The nal1 mutant shows defective PAT activity. A, Comparison of auxin uptake between wild-type (WT) and nal1 plants in dark-grown coleoptiles. Values represent means ± sd of six independent assays. B, Comparison of auxin transport between wild-type and nal1 plants in dark-grown coleoptiles. Values represent means ± sd of six independent assays. The asterisk indicates that the difference between the wild type and nal1 is significant (Student's t test, P < 0.001). C, IAA efflux of dark-grown coleoptile segments. Five coleoptile segments were used in each assay, and values are given as means ± sd of three independent assays. The difference between the wild type and nal1 is significant (Student's t test, P < 0.05). D and E, Cross sections of dark-grown wild-type (D) and nal1 (E) shoots showing that the vasculature of nal1 coleoptile is similar to that of the wild type. Bars = 50 μm. F, Magnified image of the boxed region in D. Bar = 50 μm. G, Magnified image of the boxed region in E. Bar = 50 μm. H to K, Immunohistochemical analysis of etiolated wild-type and nal1 seedlings using the anti-AtPIN1 antibodies as probe.

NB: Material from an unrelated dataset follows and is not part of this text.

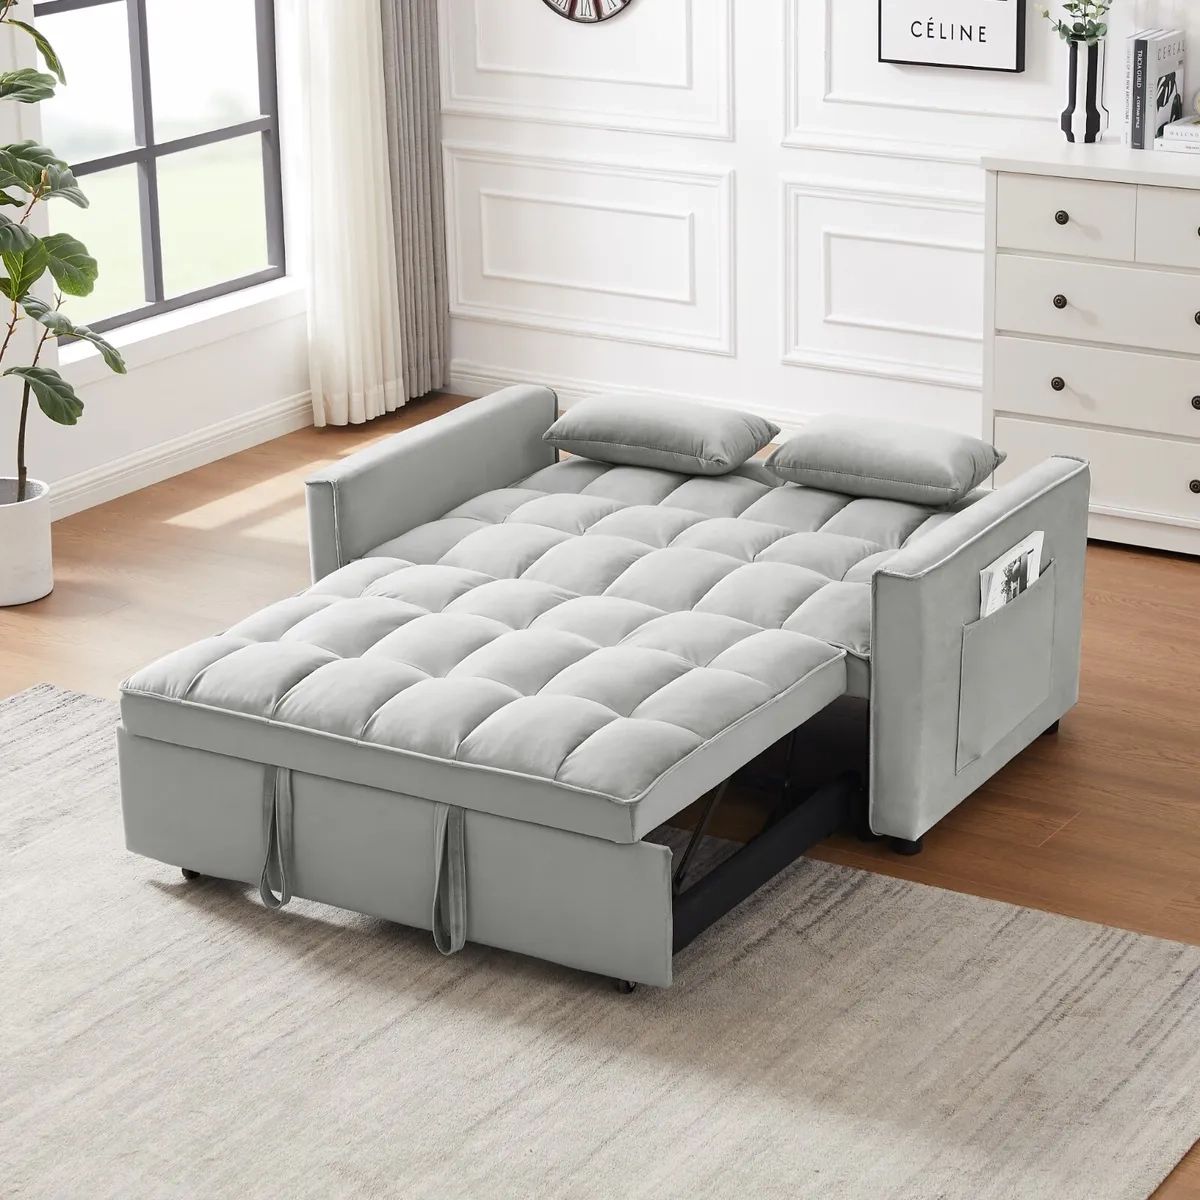 55" Convertible Sofa Bed Velvet Sleeper Loveseat Sofa Pull Out Bed W Pocket  Gray | Ebay Within Convertible Gray Loveseat Sleepers (View 14 of 15)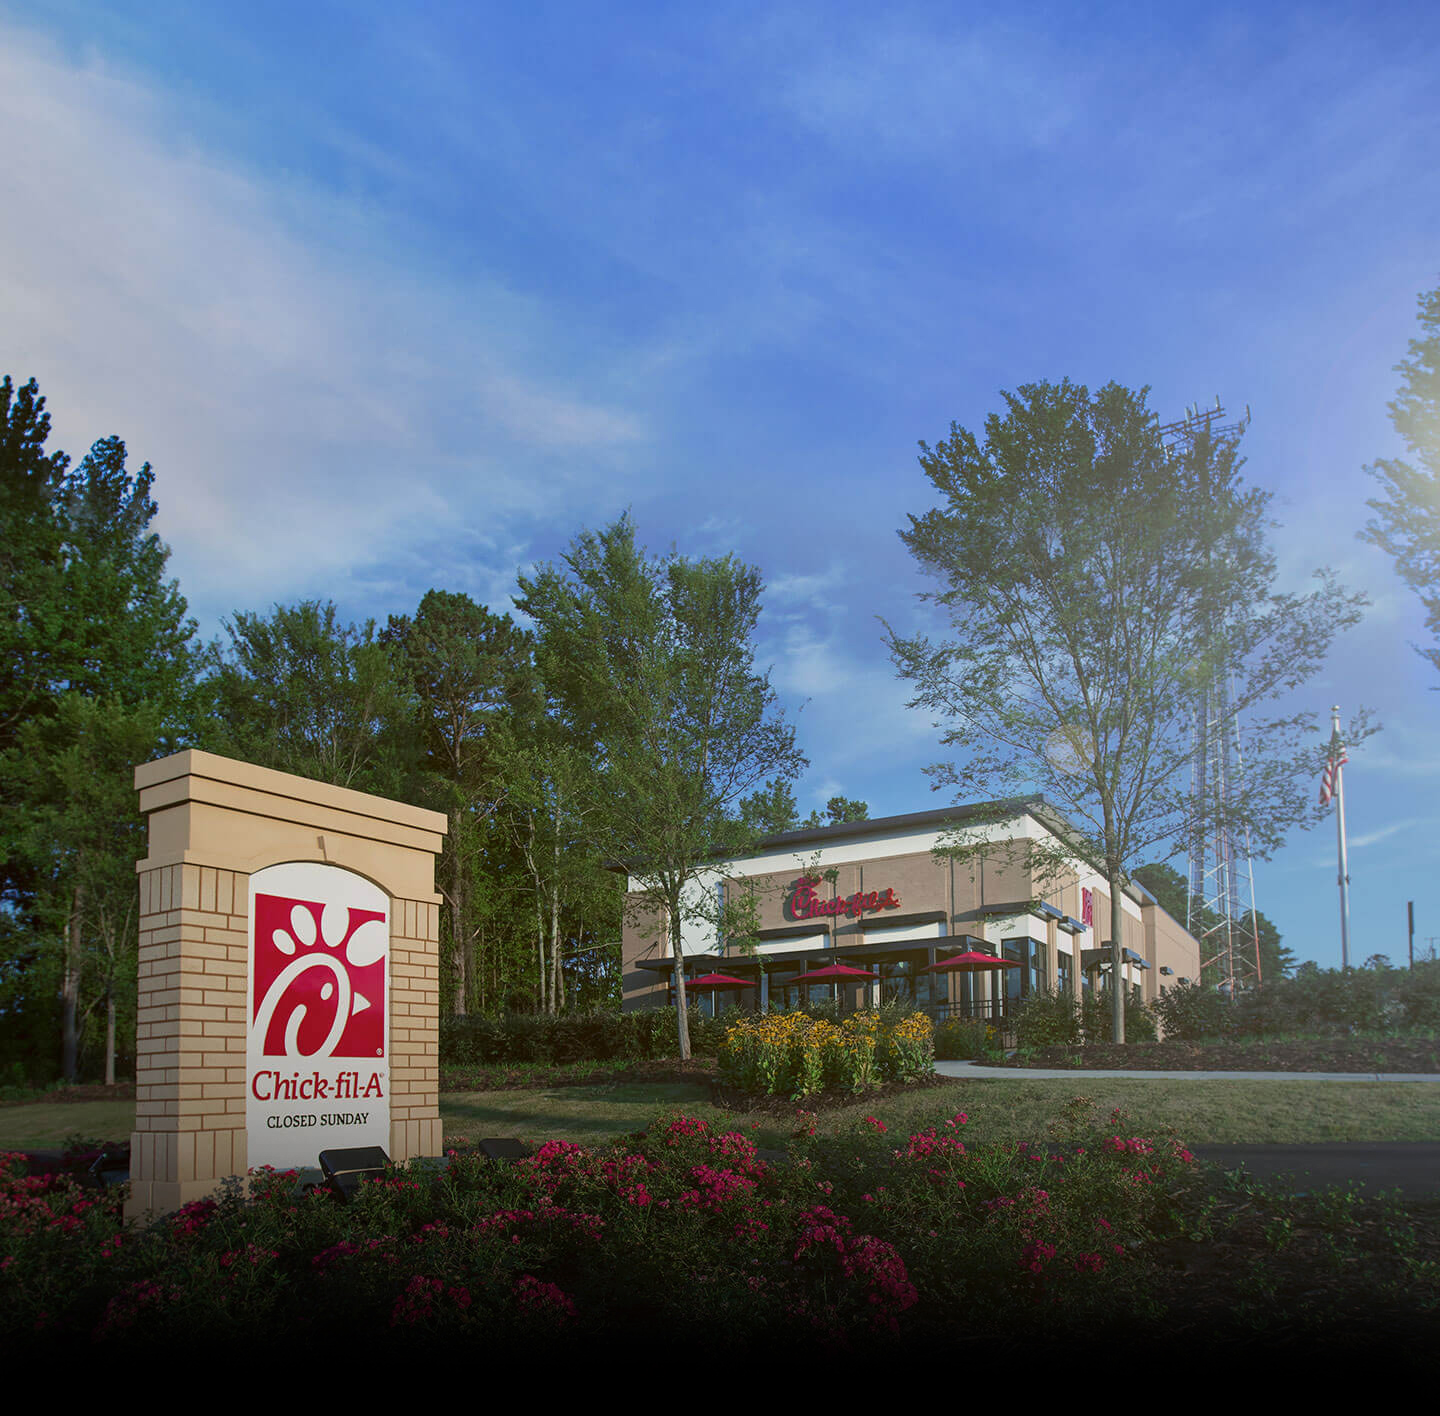 Chick-fil-A's hierarchical organizational structure has been an effective management tool in the company's continued success.

H, Transverse section through the middle part of a 5-d-old dark-grown wild-type seedling. I, Bright-field image of K. J, Transverse section through the middle part of a 5-d-old dark-grown nal1 seedling. K, Bright-field image of J. Bars = 50 μm. L, Protein gel-blot analysis using the anti-AtPIN1 antibodies as probe. Membrane protein extracts from wild-type and nal1 coleoptiles were probed with anti-AtPIN1 antibodies. The signal (arrowhead) abundance detected in nal1 was significantly reduced from that in the wild type. The numbers at left denote the molecular masses of marker proteins in kilodaltons. Coomassie blue staining of the protein samples was used as a loading control (bottom gel). M, Quantitative real-time RT-PCR analysis comparing OsPIN1 relative expression levels in 5-d-old coleoptiles of the wild type and nal1. Values represent means ± sd of three independent assays. The difference between the wild type and nal1 is significant (Student's t test, P < 0.05).